A brief Explanation of the Royal Arch Jewel

The Royal Arch Jewel is arguably the most important of all Masonic Jewels. After Exaltation, which includes a brief description, for most Companions the matter ends there and the Jewel becomes just another piece of Masonic regalia which is a pity. By explaining the complex meaning and symbolism of the Jewel in simple terms we will achieve more knowledge and a better understanding.

The Outline Shape of the Jewel

Let us start to examine the Jewel by looking at its basic shape.

It consists of two concentric circles, the outer one symbolising Eternity and the inner one the Deity. Inside the two circles are two interlaced equilateral triangles at whose centre is another triangle, with a background of rays, symbolising the Creator, and a pair of Compasses opened over the Globe, symbolising the Great Architect of the Universe.

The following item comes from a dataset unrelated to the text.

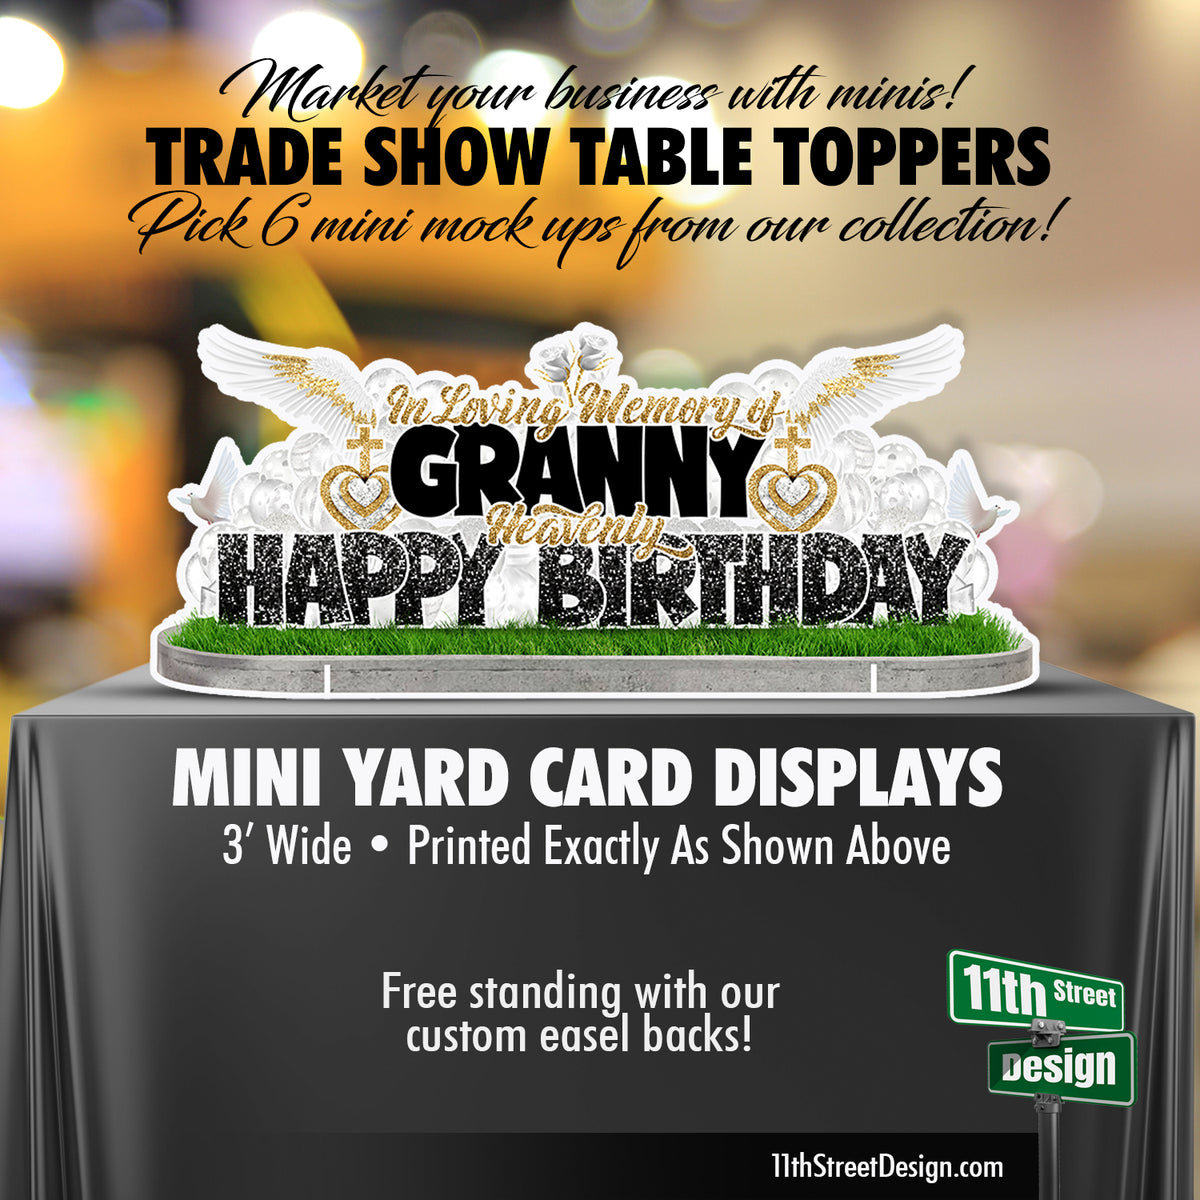 Pick 6 - Trade Show Table Toppers - Mini Yard Card Displays
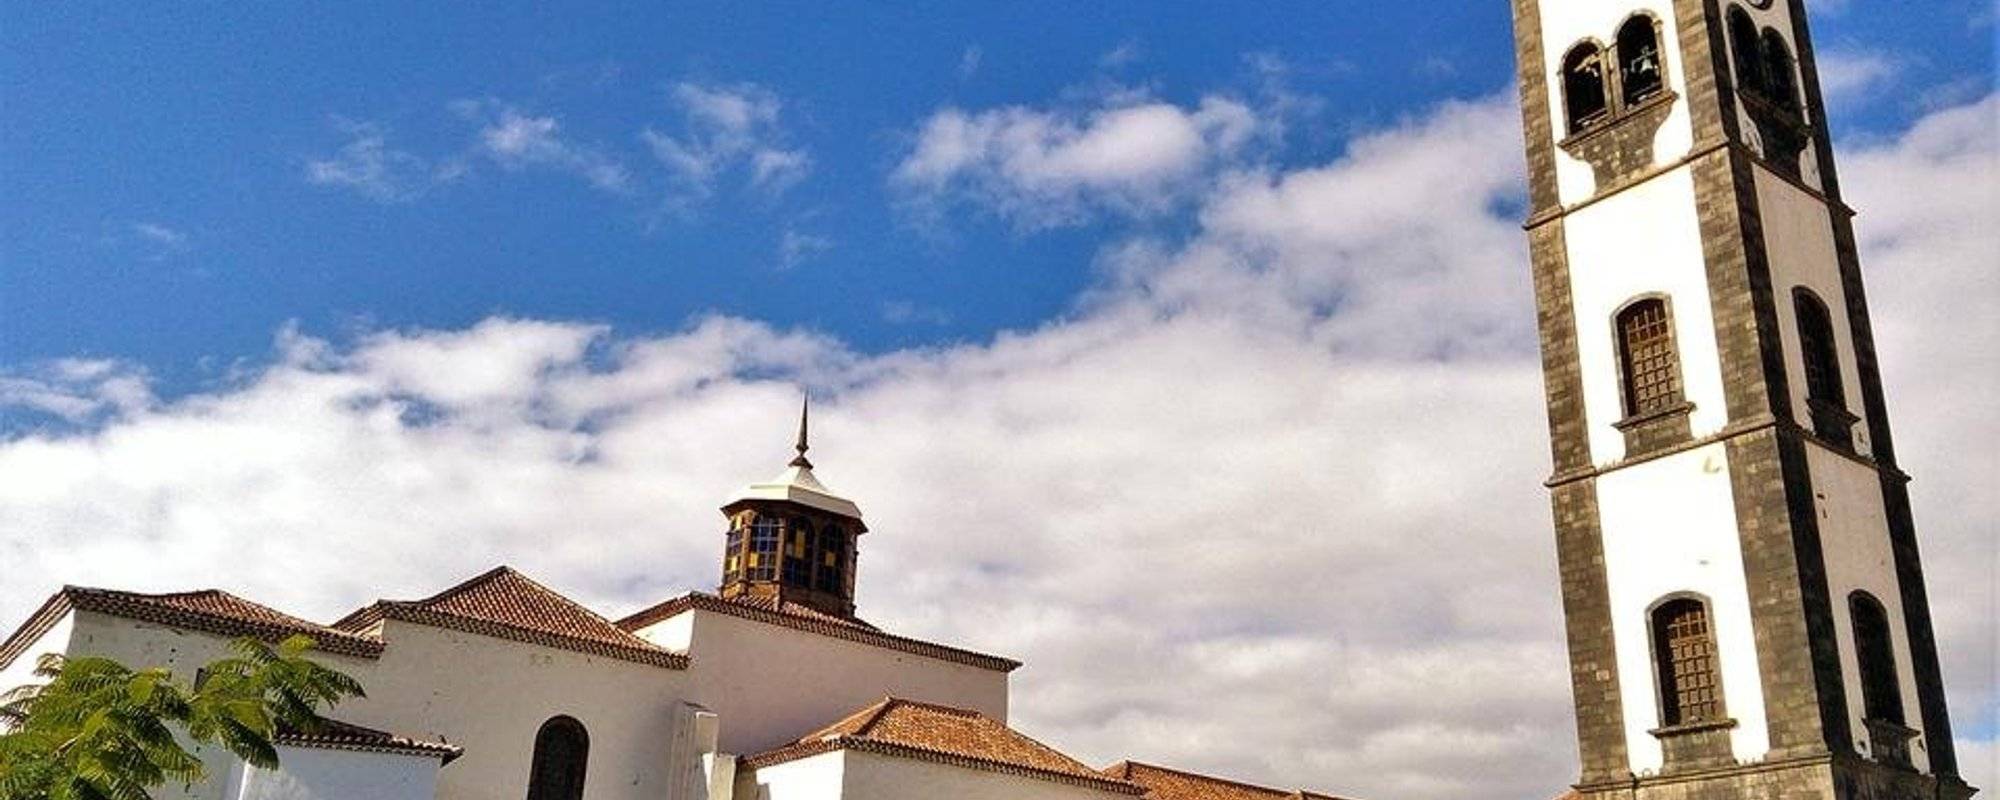 Beauties of Tenerife: picturesque churches and chapels from around the island

The interlaced triangles remind us of our twofold spiritual and material nature. At the bottom of the Jewel is a scroll on which is depicted another circle with a Triple Tau inside it.

The Reverse of the Jewel

On the reverse of the Jewel, beneath the circle containing the Triple Tau, is a scroll with the word ‘Exalted’ engraved on it and spaces for the date of Exaltation and the name or number of the Chapter to be added.

Between the two concentric circles there is engraved a double Latin triad: ‘Deo, Regi, Fratribus’ and ‘Honor, Fidelitas, Benevolentia’. They are to be read conjointly, to produce the following translations: ‘Deo Honor’ (To God, Honour), ‘Regi Fidelitas’ (To the King, Fidelity) and ‘Fratribus Benevolentia’ (To the Brethren, Love).

The inspiration for these words is the ‘Regius Poem’, a cherished 14th century manuscript which is in the Grand Lodge’s Library. The poem is in English that has been translated into Latin for the Jewel.

The final inscription on the reverse of the Jewel is in the form of another double triad on the interlaced triangles: ‘Concord, Truth, Peace’ on one and ‘Wisdom, Strength, Beauty’ on the other. The meaning of the first is obvious as for the second, some claim it refers to the Wisdom of King Solomon, the Strength of Hiram, King of Tyre and the Beauty created by Hiram Abiff.

The Obverse (Front) of the Jewel

On the scroll are engraved the Latin words: ‘Nil nisi clavis deest’ (‘Nothing is wanting but the key’) and between the two concentric circles: ‘Si talia jungere possis sit tibe scire satis’ (‘If thou canst understand what follows thou knowest enough’). On the interlaced triangles there is again a double triad, but the triad on the second triangle is incomplete.
The triangle with its apex pointing upwards is the spiritual triangle having on its base the inscription: ‘We have found’ in English, repeated in Greek (‘Εχουμε βρει’) and Latin (‘Invenimus’) on the other sides of the triangle, the triangle with its apex pointing downwards is the material triangle: its base is blank and on one of the other sides is ‘Cultor Dei’ (‘Worshipper of God’) and on the other ‘Cives Mundi’ (‘Citizen of the World’).